The principal problem inhibiting widespread adoption of nanofiltration/ultrafiltration to treat shipboard wastewater and allow the Navy to meet future overboard discharge limits is fouling associated with available membranes. Existing nanofiltration/ultrafiltration membranes are finely porous and are subject to surface or internal fouling by particulates, resulting in a dramatic decline in the water flux.

This project developed a shipboard wastewater treatment system based on a novel type of fouling-resistant, composite-membrane module. The composite membrane consisted of an ultrathin (0.2-0.5 micrometer), nonporous, highly water-permeable, rubbery, block copolymer layer coated onto a conventional, microporous ultrafiltration or nanofiltration membrane for support. This coating layer provides fouling resistance without significantly reducing the water flux.
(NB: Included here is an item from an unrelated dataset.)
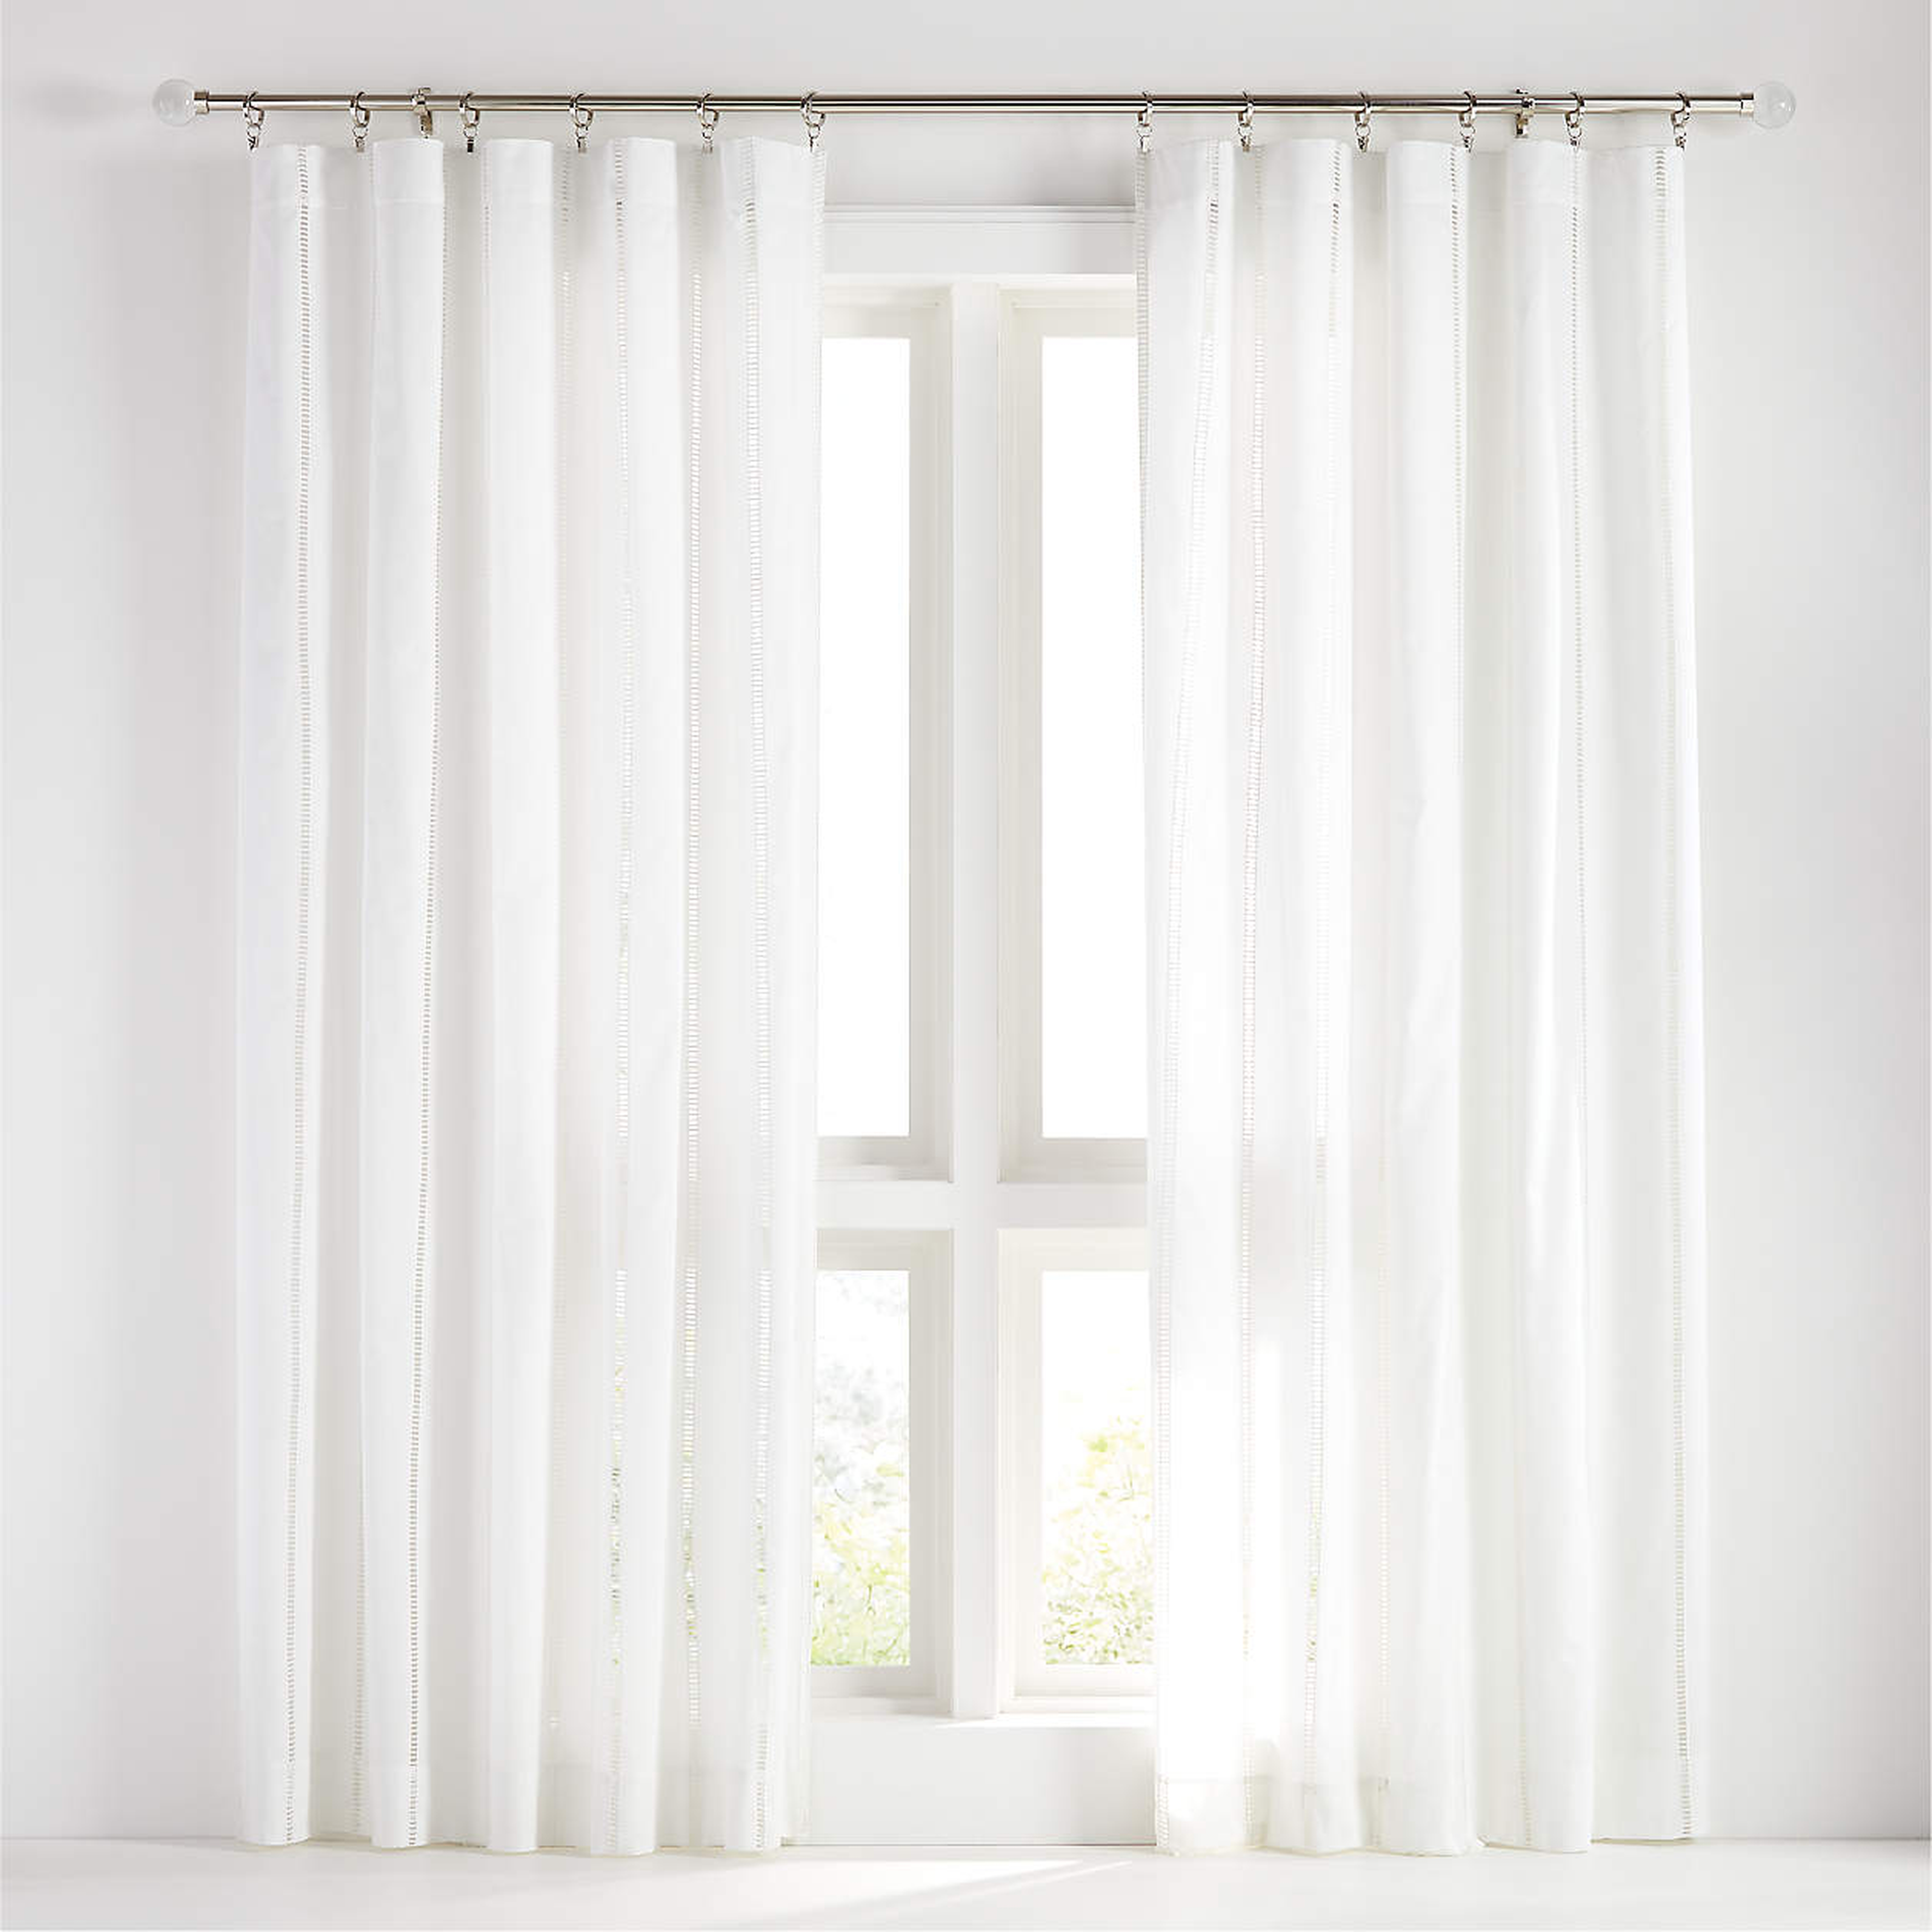 Eyelet White Curtain Panel 50"x108" - Crate and Barrel

Three candidate materials were developed under earlier Office of Naval Research grants. In this project, development of these membranes was completed and a systematic series of new materials was synthesized and characterized. The properties of these new heterophase block copolymer membrane materials were tailored to provide better fouling resistance than conventional membranes, while maintaining or improving the flux/selectivity combinations relative to currently available materials. These materials were based on aromatic polyamide hard blocks with either hydrophilic ether groups as the soft, waterpermeable block or water-soluble aromatic polyamides as the hydrophilic blocks. This research characterized the physical, chemical, and morphological structure of these materials as well as their water permeation, rejection, and fouling properties. Systematic structure/property relations were developed to guide the preparation of a new generation of advanced high performance materials for shipboard wastewater treatment. The best performing membrane materials were selected for Coating Materials Design scaleup to bench-scale and then to industrial-scale membrane modules for evaluation in a pilot-scale system.
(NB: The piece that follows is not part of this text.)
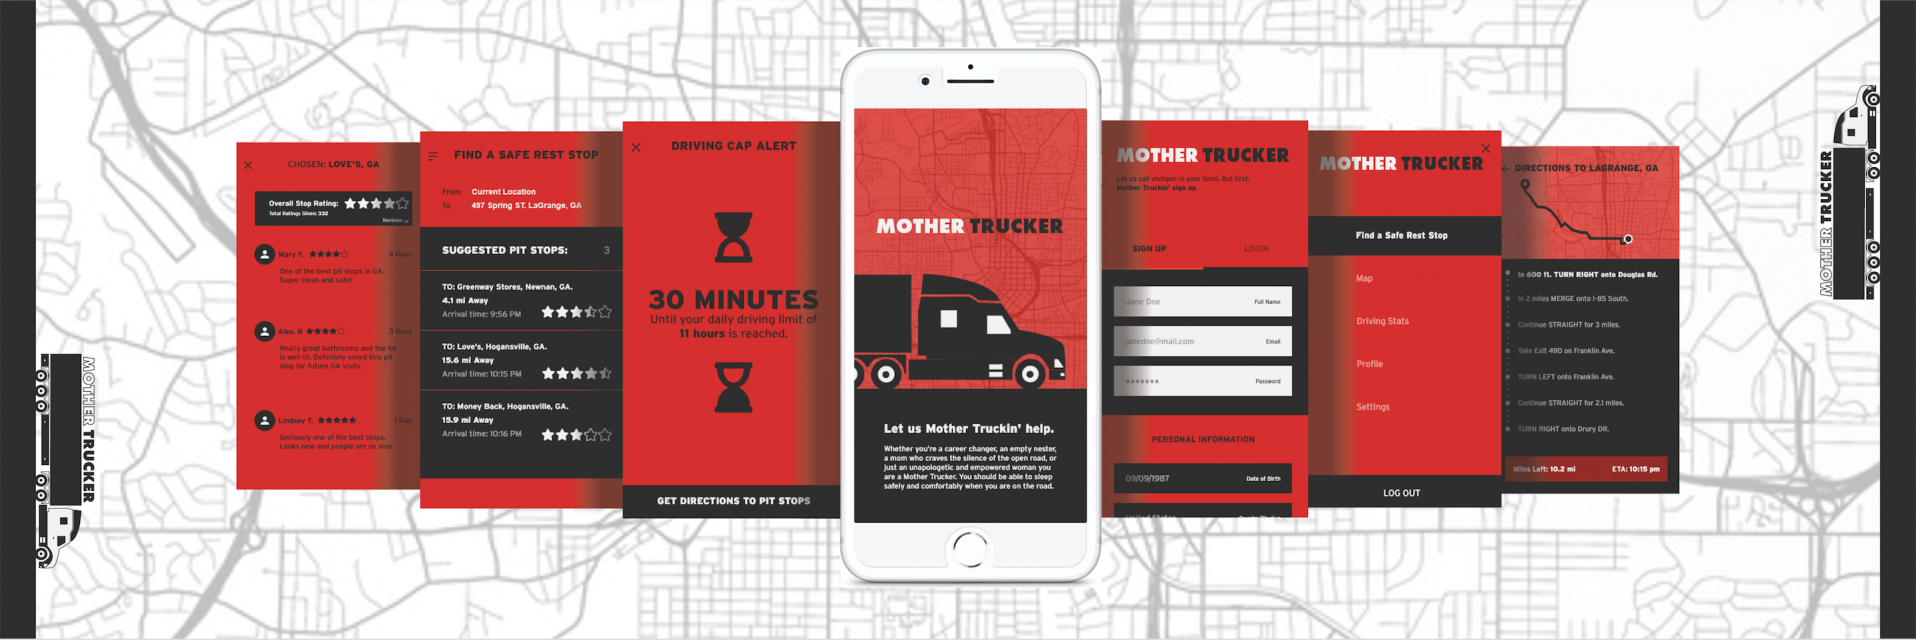 Images from different parts of the Mother Trucker app

Model compound studies were completed, and polymer precursors were prepared. The first generation of poly(ethylene oxide)-b-poly(p-benzamide) was synthesized and two polymer samples were identified. Films for characterization were also prepared. The performance and stability of a module containing Pebax 1074 membrane coated onto a microporous poly(vinylidene fluoride) support was determined to be an effective solution to oil/water emulsion fouling. Various samples demonstrated the porous membrane water production rate to be more than ten times lower than that of a coated membrane. This project was completed in FY 2000.
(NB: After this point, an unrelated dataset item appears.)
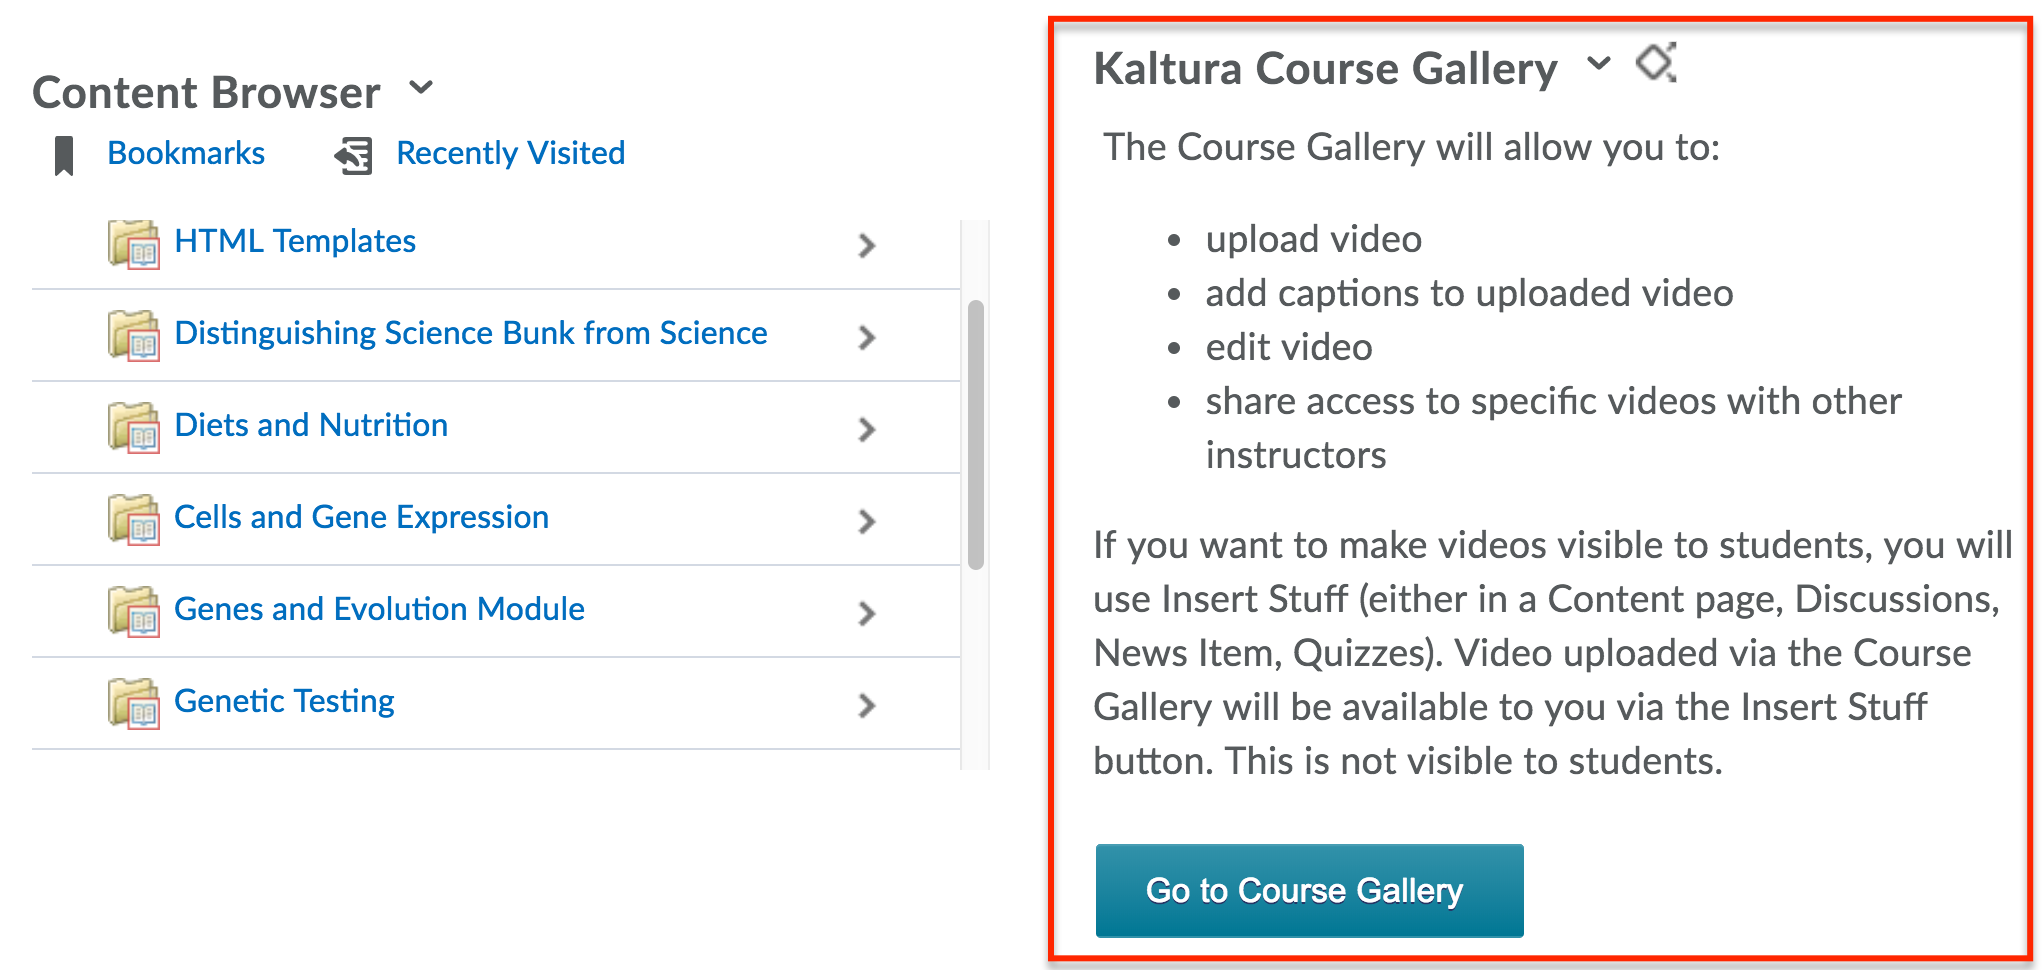 Course Gallery widget is now present on your Course homepage.

Novel, low-fouling membranes for graywater and bilgewater treatment offer longer service life and less frequent cleaning. When housed in high performance modules, these membranes provide a compact, reliable, economical shipboard wastewater treatment facility to enable the Navy to meet current and anticipated wastewater purification targets. This technology is widely applicable to Navy and civilian ships and to onshore treatment of waste waters.